Die Stadtverwaltung Selm nennt folgende Zahlen für die Jahre: 273 (in 2012), 239 (in 2013), 288 (in 2014), 304 (in 2015). Allein in den ersten beiden Monaten in 2016 hat die Stadt Selm bereits 194 säumige Zahler registriert.

In wie vielen Fällen konnten die Beiträge eingezogen werden?

2012: 173; 2013: 154; 2014: 192; 2015: 113. Die Differenz zu den Fallzahlen bedeutet nach Auskunft der Stadtverwaltung nicht zwingend, dass eine Einziehung nicht erfolgen konnte. Der WDR ziehe auch regelmäßig Amtshilfen zurück.
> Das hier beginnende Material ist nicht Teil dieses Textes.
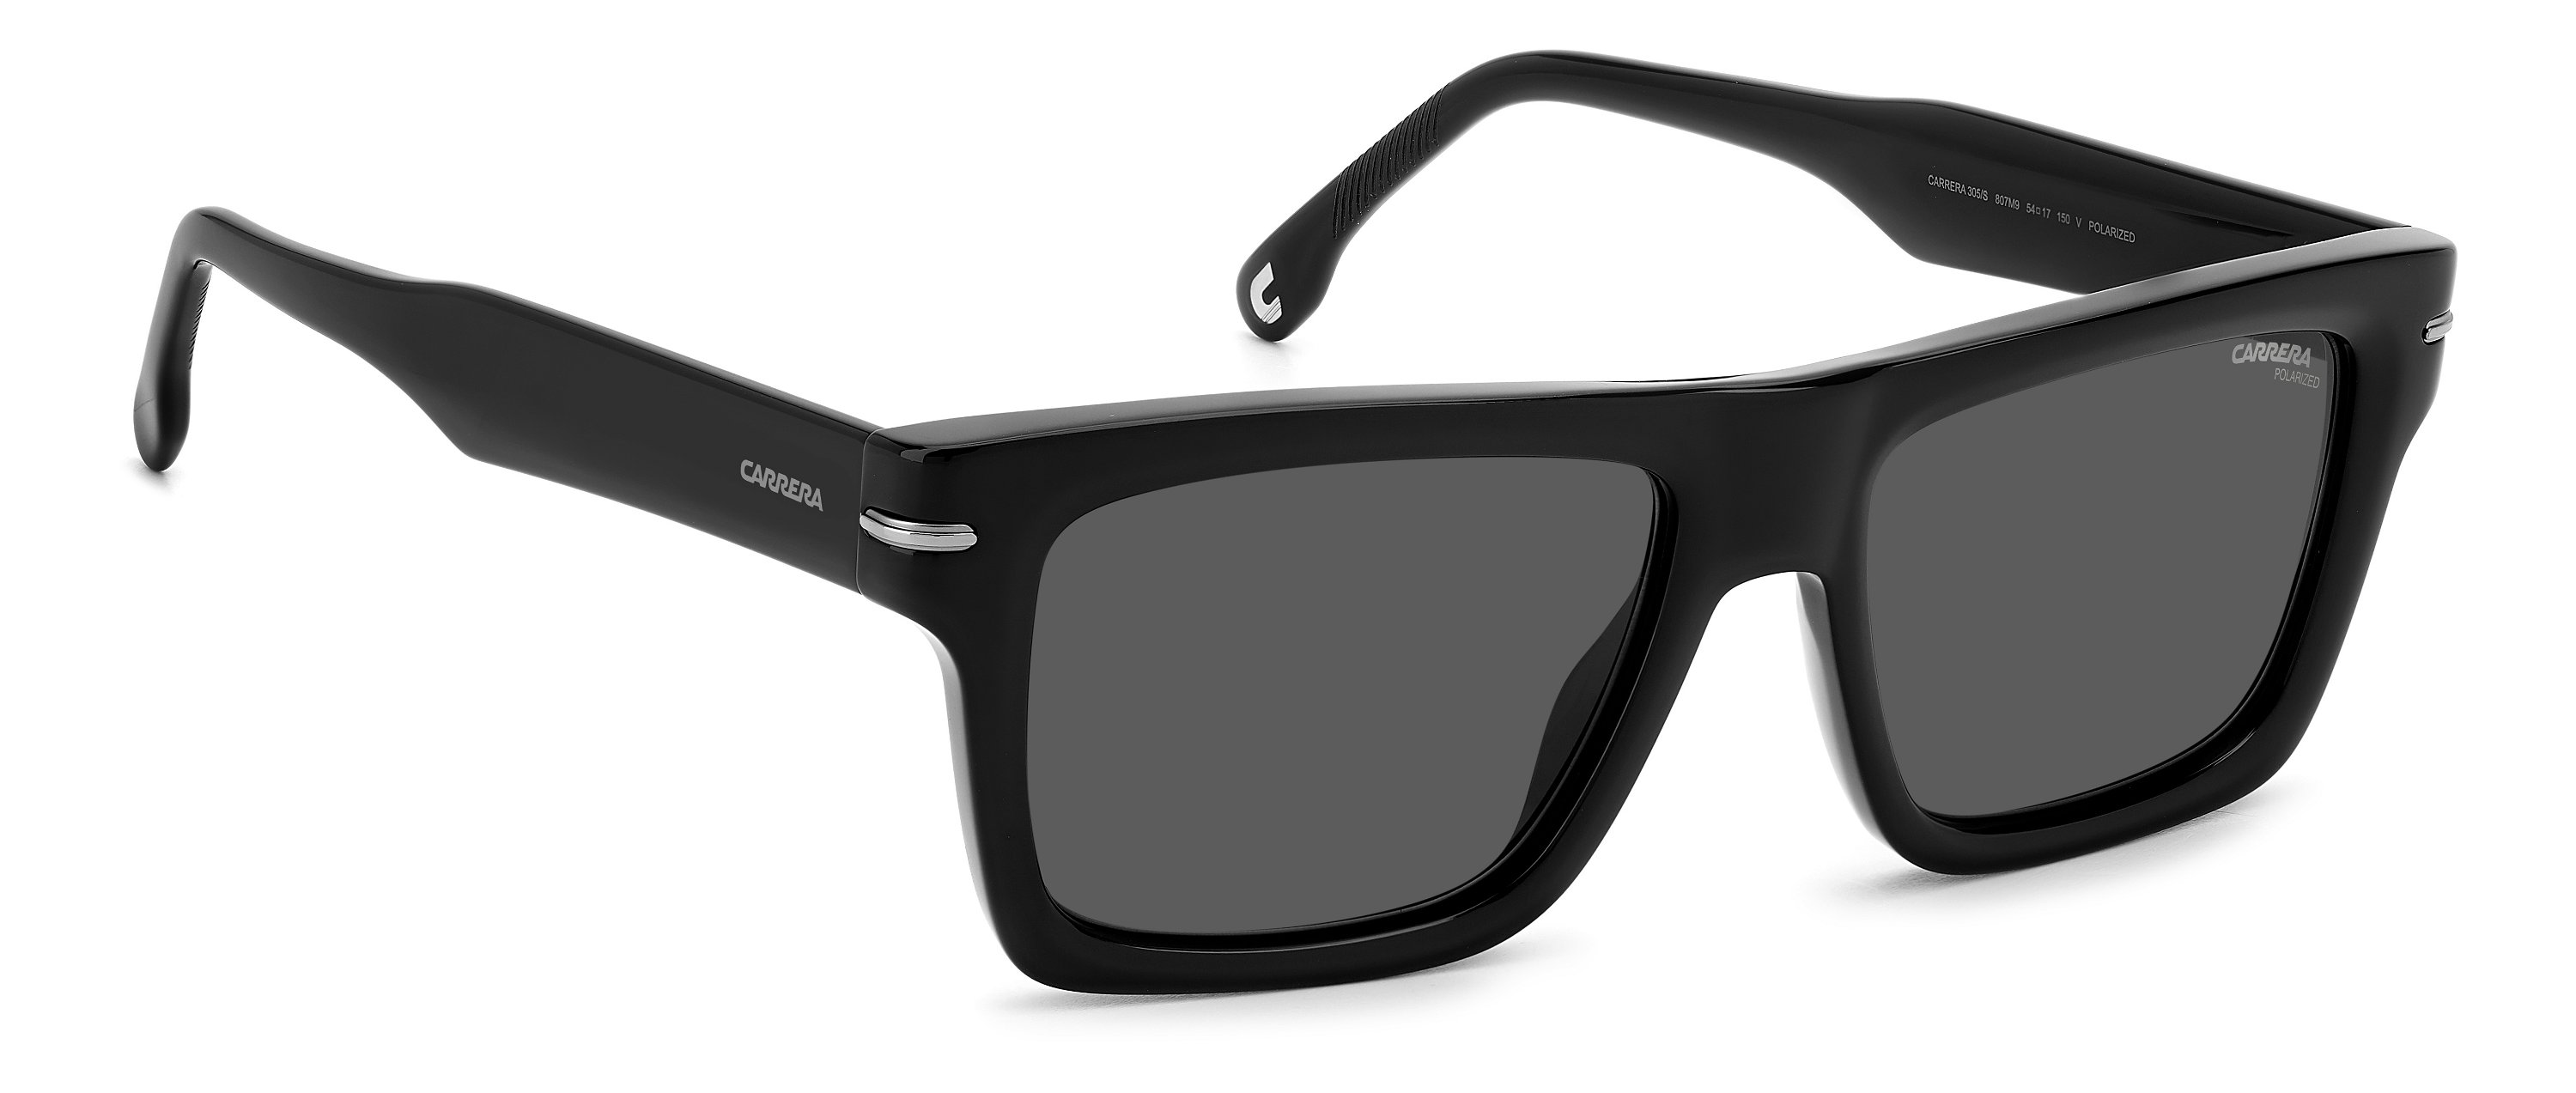 Carrera Sonnenbrille 305/S 807 schwarz

Damit habe sich der Zahlungsanspruch erledigt.

Wie groß ist der Arbeitsaufwand für die Stadt Selm, werden die Kosten durch die 23 Euro vom WDR gedeckt?

Nach Auskunft der Stadt hält sich der Arbeitsaufwand im Rahmen und kann annähernd kostendeckend erfüllt werden – wenn aufgrund des Amtshilfeersuchens unverzüglich gezahlt wird. „Zeigt sich der Schuldner hingegen zahlungsunwillig, sodass das weitere Vollstreckungsverfahren bis hin zur Abnahme einer eidesstattlichen Versicherung einsetzt, ist die Pauschale im Einzelfall nicht auskömmlich“, schreibt die Verwaltung.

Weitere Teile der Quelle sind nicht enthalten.